Is there a gym suit museum somewhere?
21 May 2012
Double Exposure
Remember that she learned to ride her bike? Here's evidence - complete with an inadvertent multiple exposure, which I like, it gives it motion.
16 May 2012
Elected Office...Not.
So yesterday was the local school and library voting - budgets and board members. For some reason, no one ran for library board. As I was entering the high school gym to vote, I ran into the editor of the local paper, and I asked her why no one was running. She lit up and said "write yourself in". So I did.
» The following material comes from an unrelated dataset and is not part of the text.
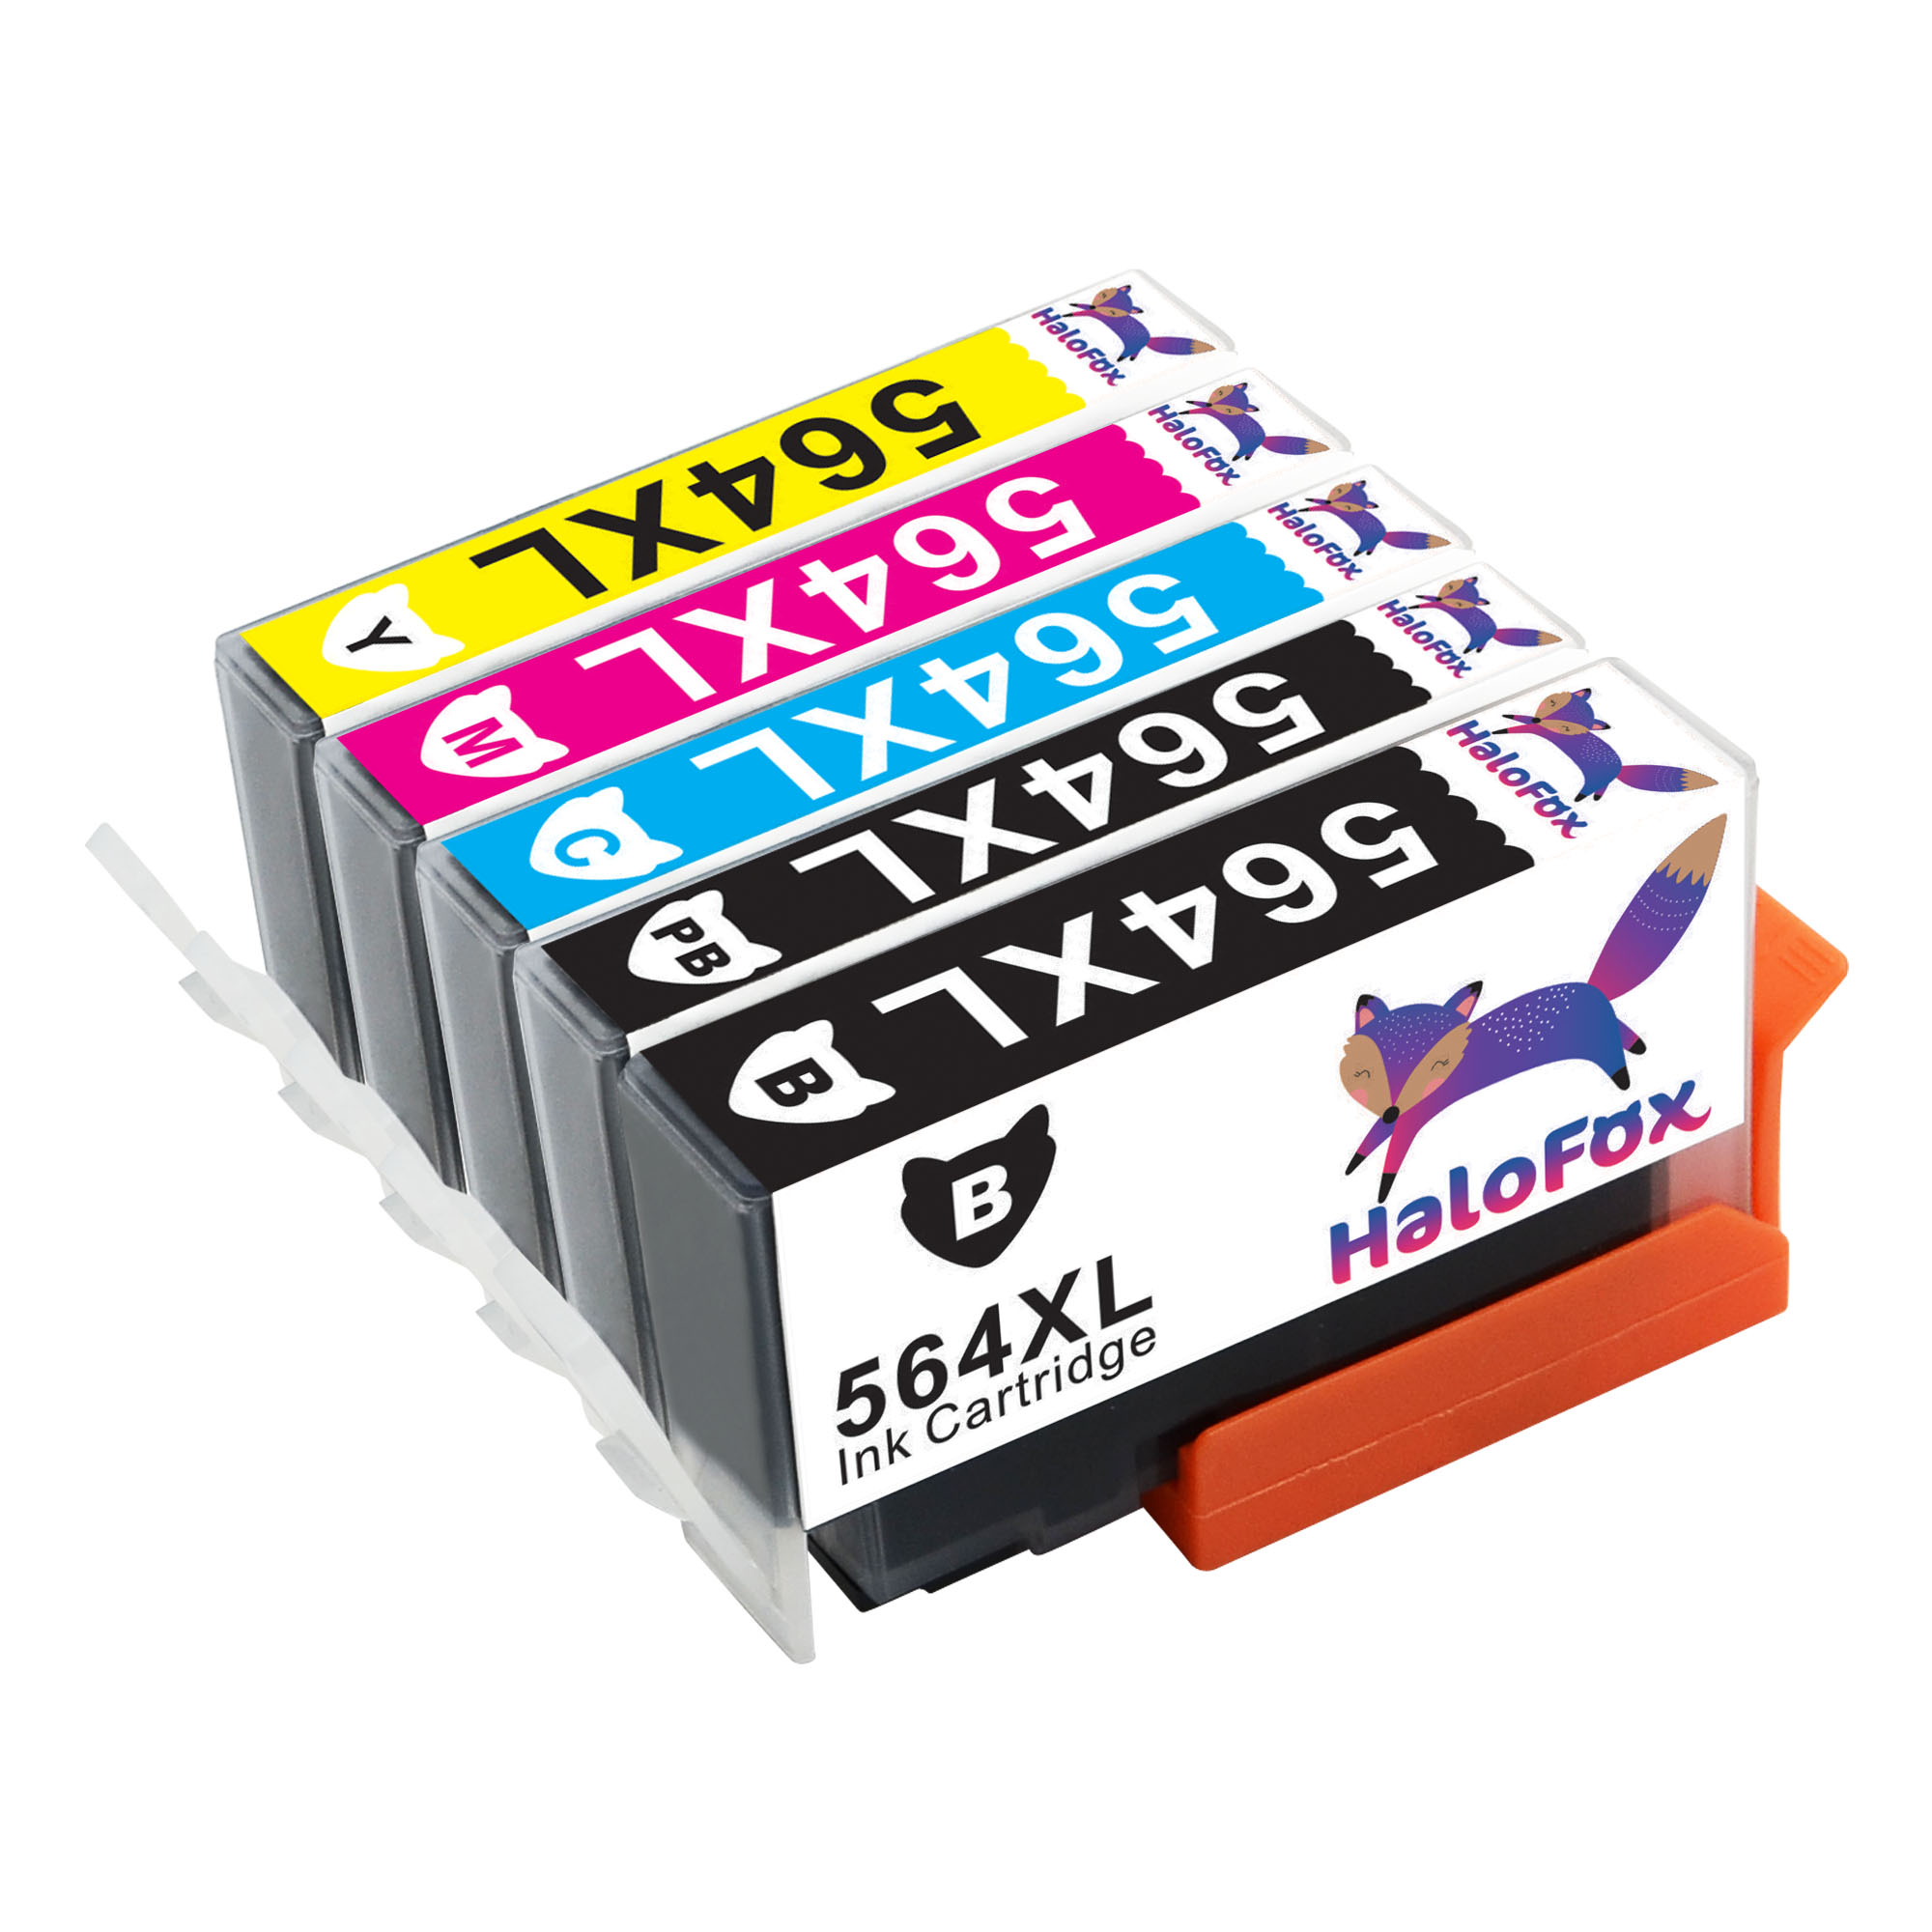 5PK Ink Cartridges Replacement 564XL for HP Photosmart 7520 5520 6520 7510 7525 5510 6510

This morning, I woke up to an email from said editor, subject line reading:
Out of 62 write-in votes, I got two, Bill got two, and the winner got 34. So, I lost the race, but I'm totally tickled by the results.
15 May 2012
My Mother In My Garden
I spent a good chunk of time in the garden on Sunday. I had flowers to pot up for the front steps, and plants gotten at the garden club sale to put in the ground. There was a bleeding heart that was eating a corner of the perennial bed, a bleeding heart so big it had collapsed of its own sheer exuberance (abetted by a heavy rain). Even though it was still kind of in full bloom, I heartlessly dug it up and divided it in half. Here's hoping it survives. I impaled myself trying to prune the flowering quince, getting intractable thorns stuck in both hands. By the time I was done, I was filthy and sore, and oh so very pleased with myself.
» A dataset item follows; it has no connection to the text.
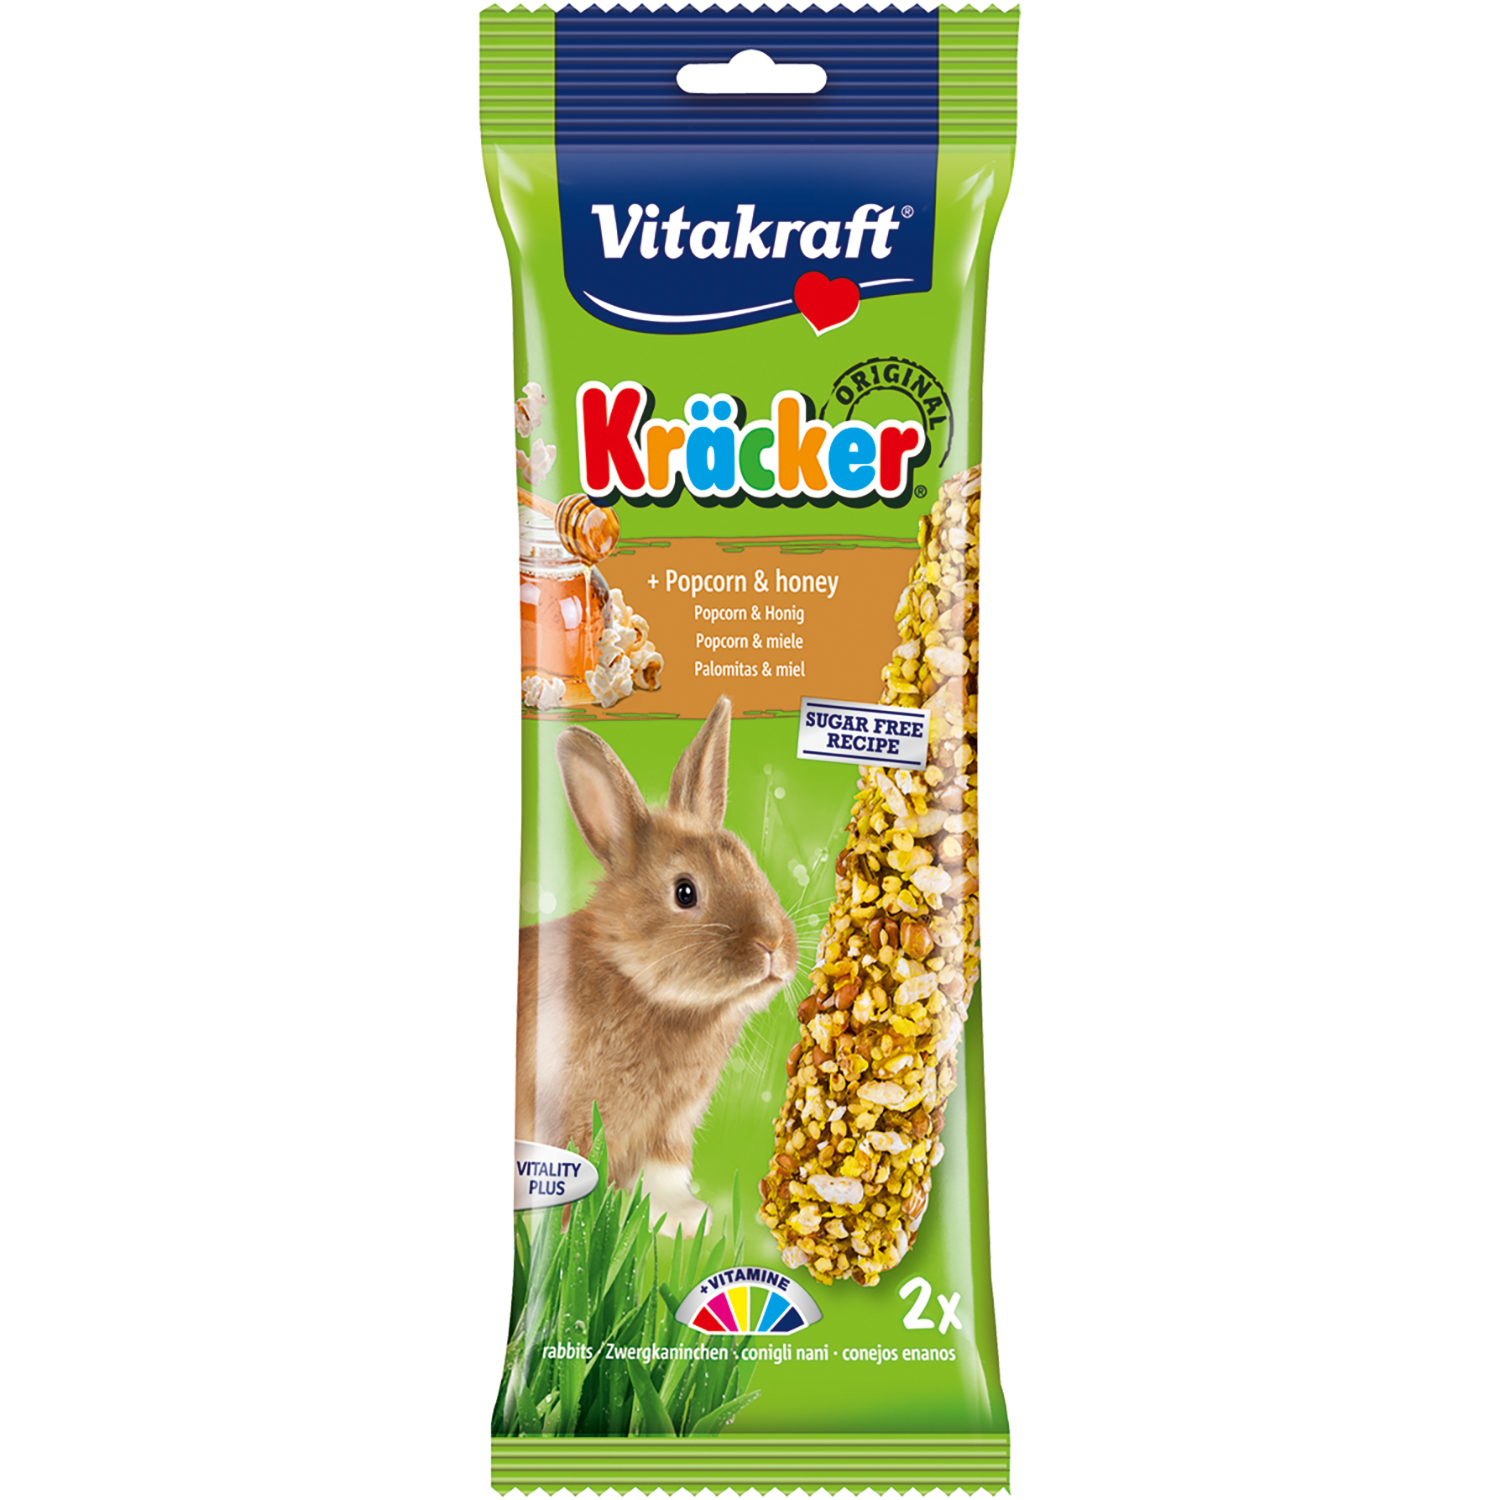 Vitakraft Kracker Small Animal Popcorn and Honey Stick Treat 2 Pack Image

It's impossible for me to work in the garden without thinking of my mother. Hers was her joy. A chore, to be sure, but a joy. She was ever shuffling hosta; I do the same. Her plants are scattered through my yard - hosta, astilbe, sedum - and solomon's seal running up along the front steps.
The sign was hers, bought in France, brought home and mounted on a bit of plywood. It faded terribly, its white letters all chalked off a few years after she got it. But she loved it so, and so painstakingly repainted all the little letters. You can't tell from a distance, but up close? It bears her brushmarks. And I think that's a bit of her standard issue hosta in the lower right hand corner.
It amuses me no end to have her sign living in my own garden. Little children are particularly perplexed, because (as yet) none of them speak French. If you come visit, you're not allowed pick the mushrooms (we've only toadstools), but I might send you home with a piece of hosta.